The Legacy of Queen Elizabeth in Africa is Clouded by Colonialism

image:News Week

The passing of Queen Elizabeth II has sparked a flood of internet reflection and response. However, not all of it was sorrow; some young Africans are now sharing pictures and memories of their ancestors who lived through a difficult time in British colonial history during the Queen’s prolonged rule.

One person said on social media, “I cannot mourn,” and posted a photo of what she claimed was her grandmother’s “movement pass”—a colonial document that restricted Kenyans’ freedom of movement while the country was ruled by the British.

Another person said that, during colonial times, her grandmother “used to tell to us how they were beaten & how their husbands were taken away from them & left to care after their kids.” “May we always remember them. Our heroes, she continued.

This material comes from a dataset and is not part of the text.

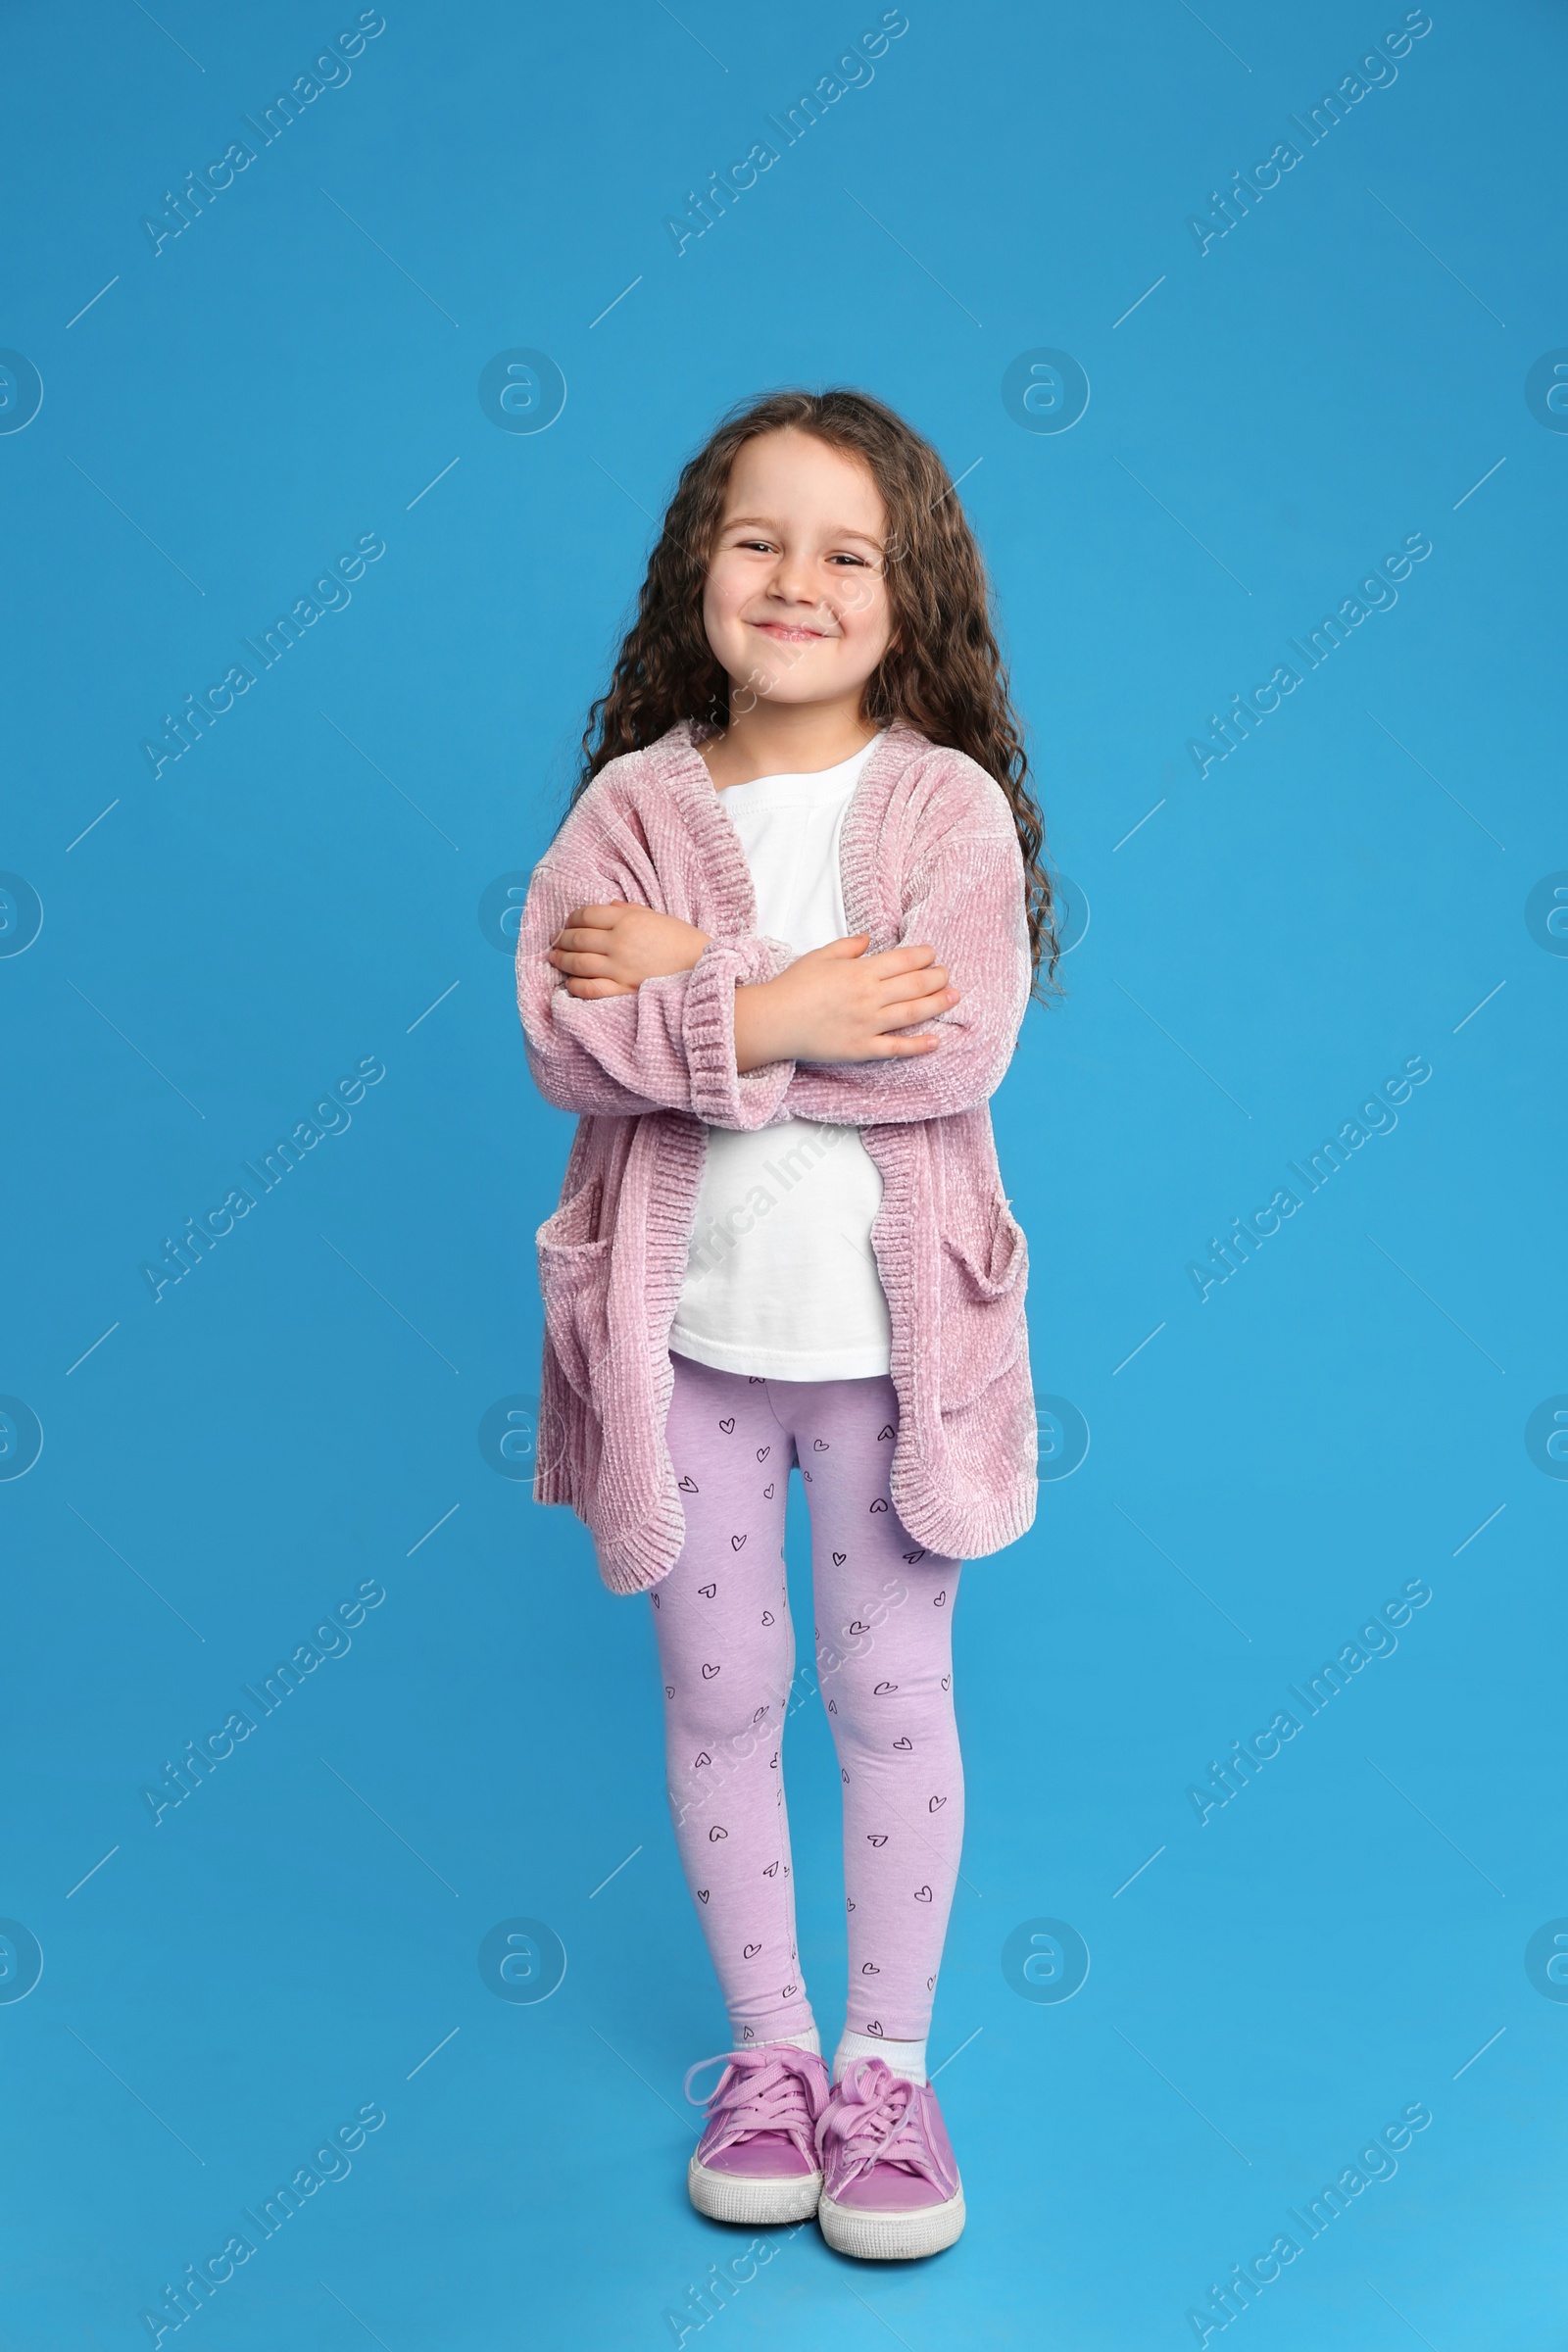 Photo of Full length portrait of cute little girl on light blue background
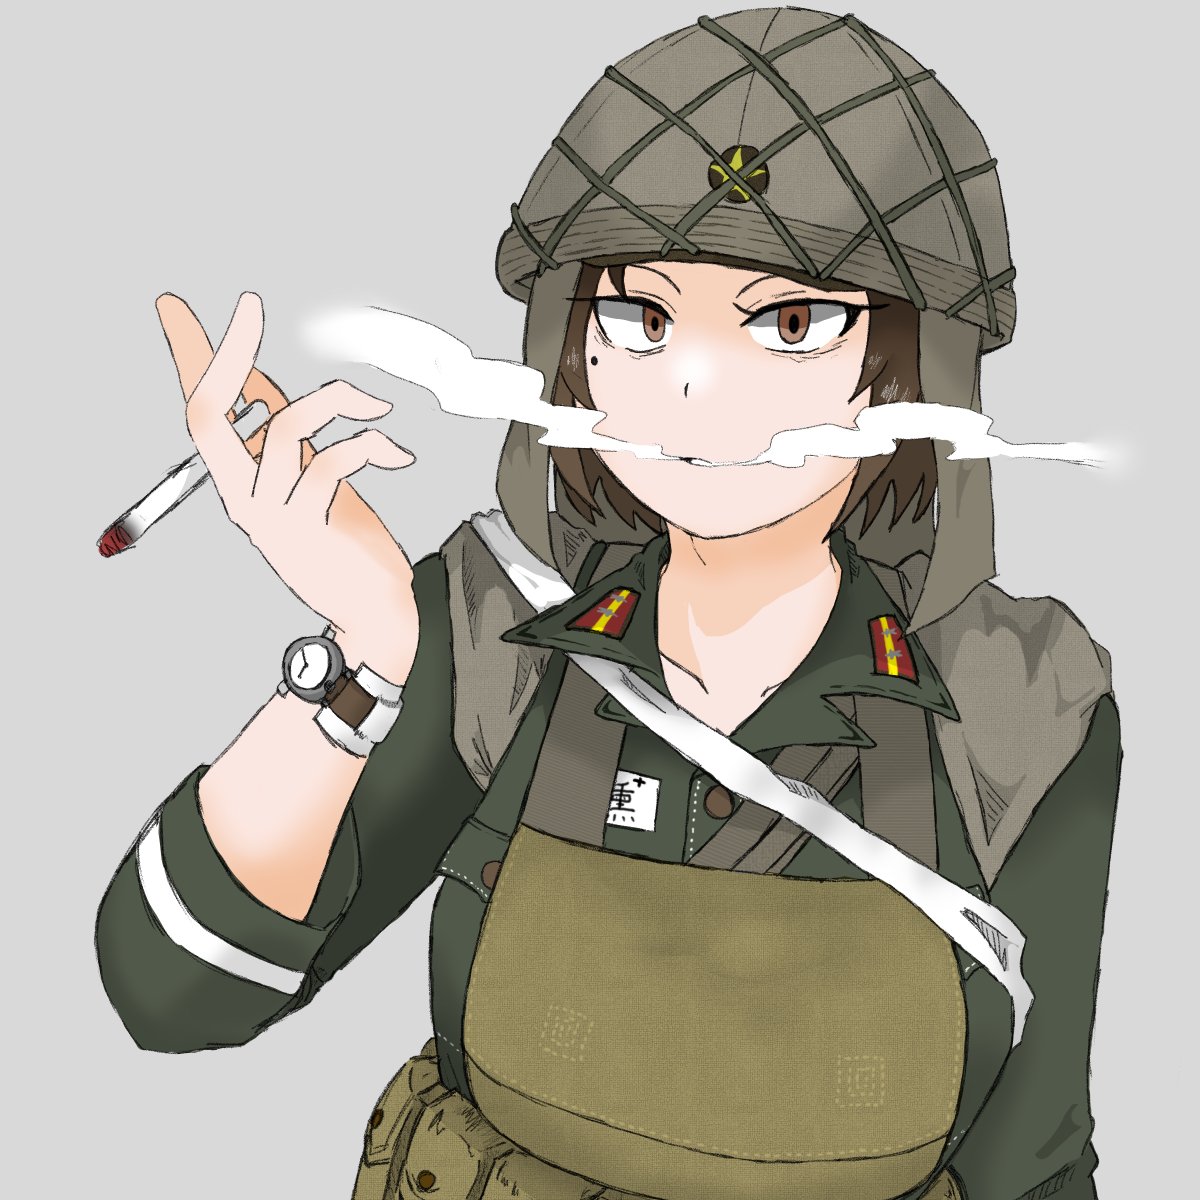 「時おり日本兵も描く。 」|矢舷陸宏＠Skeb募集のイラスト

The Queen, despite her worldwide popularity, was also viewed as a symbol of oppression in regions of the world where the British Empire formerly ruled. Their failure to mourn underlines the complexities of her legacy.

Kenya, a British colony since 1895, was designated as such in 1920 and remained so until achieving independence in 1963. The Mau Mau revolt, which started in 1952, the year Queen Elizabeth ascended to the throne, saw some of the worst atrocities committed when the country was governed by the British.

In detention centers where up to 150,000 Kenyans were housed, the colonial authorities at the period engaged in severe acts of torture, including as castration and sexual assault. A British court ultimately granted £19.9 million to over 5,000 elderly Kenyans who filed a claim for compensation in 2011.